I know about the velocity of war. In all of the wars I have covered – including in Bosnia, Iraq, Afghanistan, Sierra Leone, Liberia, Chechnya, Somalia, Kosovo, Libya, and more – the moments in which everything changes from normal to extremely abnormal share a similar quality. One evening in Abidjan, Ivory Coast, in 2002, for example, I went to bed after dinner at a lavish Italian restaurant. When I woke up, there was no telephone service and no radio broadcast in the capital; ‘rebels' occupied the television station and flares shot through the sky.

In my garden I could smell both the scent of mango trees and the smell of burning homes. My neighbourhood was on fire. The twenty-four-hour gap between peace and wartime gave me enough time to gather my passport, computer and
favourite photos and flee to a hotel in the centre of the city. I never returned to my beloved house with the mango trees.

In early April of 1992, a friend in Sarajevo was walking to her job in a bank, in a mini-skirt and heels, when she saw a tank rolling down the street. Shots were fired. My friend crouched, trembling, behind a rubbish bin, her life for ever altered. In a few weeks, she was sending her baby to safety on a bus, in the arms of a stranger, to another country. She would not see him for years.

This is how war starts.

In the summer of 2012, Major General Robert Mood of Norway, the former chief UN monitor in Damascus, told me there is no template for war. But reading dispatches from the village of Tremseh,
19
and seeing the refugees fleeing Homs with mattresses strapped to their car rooftops, the tiny faces of children pressed against the windows, it is hard not to remember the mistakes of the past two decades.

All summer long, and into the following winter and spring, there were political wranglings. Russia continued to veto Security Council efforts to sanction and reproach President Bashar al-Assad.

Syrians who called themselves Syrians a few years ago were now saying they were Alawites, Christians, Sunnis, Shias, Druze.

Diplomacy failed.

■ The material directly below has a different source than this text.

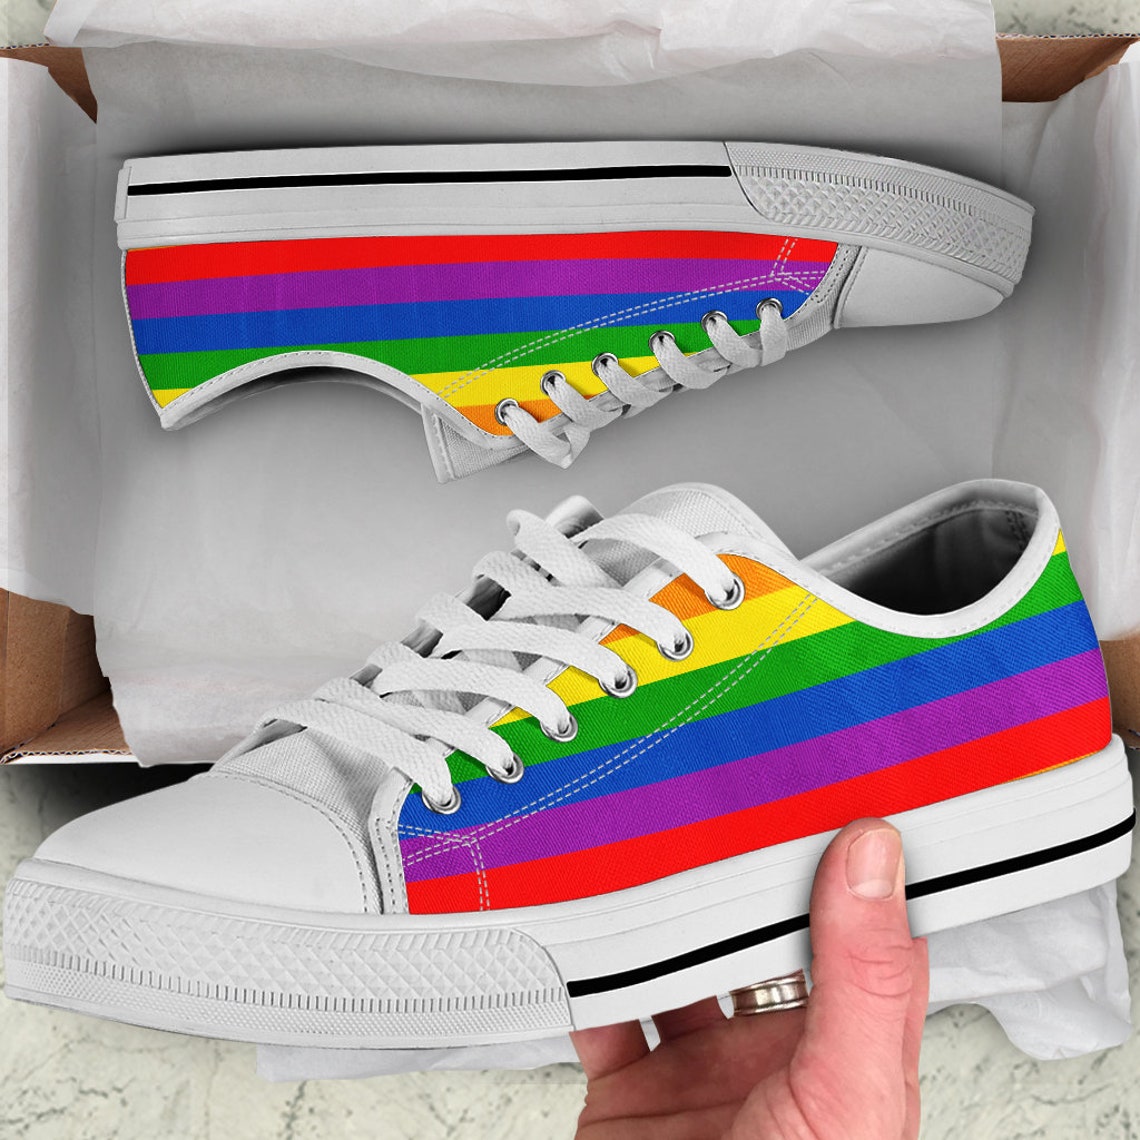 Rainbow striped sneakers gay pride shoes LGBT wedding shoes | Etsy

The UN had stood on the sidelines and watched as genocide unfolded in Bosnia and Rwanda, during which time Kofi Annan was in charge of peacekeeping operations. He eventually left his position as UN Envoy to Syria in August 2012.

Lakhdar Brahimi, a seasoned negotiator who had managed to end the war in Lebanon, held the joint role of UN and Arab League Special Envoy. Brahimi, who was seen by many as the salvation of the region, also left in disgust in May 2014. As I write this, the Italian/Swedish UN veteran Staffan de Mistura is currently negotiating. De Mistura is a humanitarian – his happiest working conditions were in the field in Bosnia or Sudan. He is doing all he can, but all he can is not ending the war.

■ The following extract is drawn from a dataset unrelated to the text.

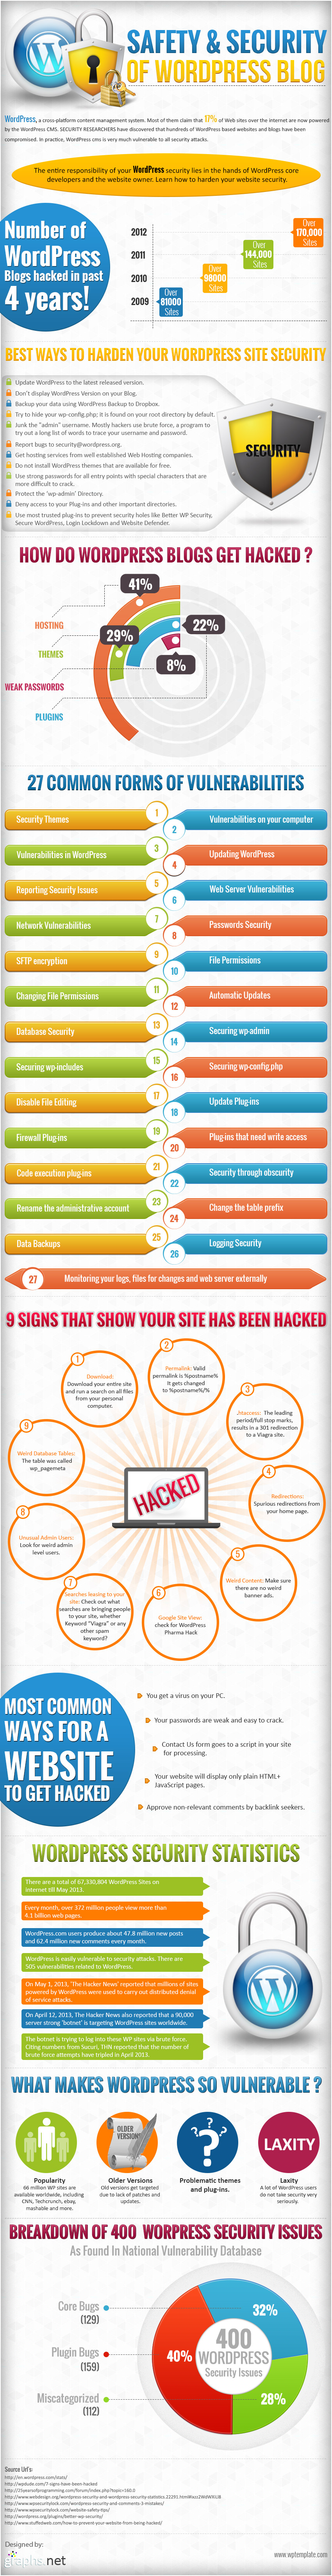 Safety and Security of WordPress Blog (Infographic)

In every war I have covered, ceasefire is a synonym for buying time to kill more civilians. Or, as my colleague at the BBC Jim Muir put it so brilliantly, ‘truces frequently spur the combatants to try to improve their positions on the ground before the whistle blows and hostilities stop'.
20

As I write, de Mistura is holding a series of low-level meetings in Geneva between various actors in the scenario of war: Iranians, Syrians, members of the opposition, Turks, Russians. So many circles involved in ending the war, like a Russian doll, and inside the smallest of circles are the Syrian people.

Fifteen years ago, Kofi Annan issued a report to the UN General Assembly on the failure of the international community to prevent the massacre of Bosnians at Srebrenica. He called it ‘a horror without parallel in the history of Europe since the Second World War'.

Yet once again, the member states lack the will or impetus to stop the slaughter of women and children. As they bicker and squabble over reports and sit in hotel rooms, unable to be the eyes and ears on the ground and report what is happening, more people die.

This is what the beginning of civil war looks like.

In the time I spent in Syria, I talked to as many people as I could, from as many denominations and backgrounds as possible. I wanted to see how Assad's supporters told the story of what was happening to their country. And I wanted testimonies from those who suffered under the regime.

In 2012, before the ceasefire, on the two-hour drive from Damascus to Homs, I went through eight government checkpoints. Inside Homs, the half of the city that had not been levelled by tanks and fighting was only semi-functioning: the shrubbery in the centre of the road had been left to run wild, but a bus passed through to collect a few lingering people. It was a strange sign of normality.

At a crowded refugee centre, I met a woman named Sopia, who last saw her twenty-three-year-old son, Muhammad, in a Homs hospital bed in December. She told me that shrapnel had hit him during a mortar attack and a piece had lodged in his brain. Sopia said she arrived at his bed one morning and found it empty. Doctors explained to her that they had moved him to a military hospital. Sopia said she had a ‘terrible feeling' as she began to search desperately for her son.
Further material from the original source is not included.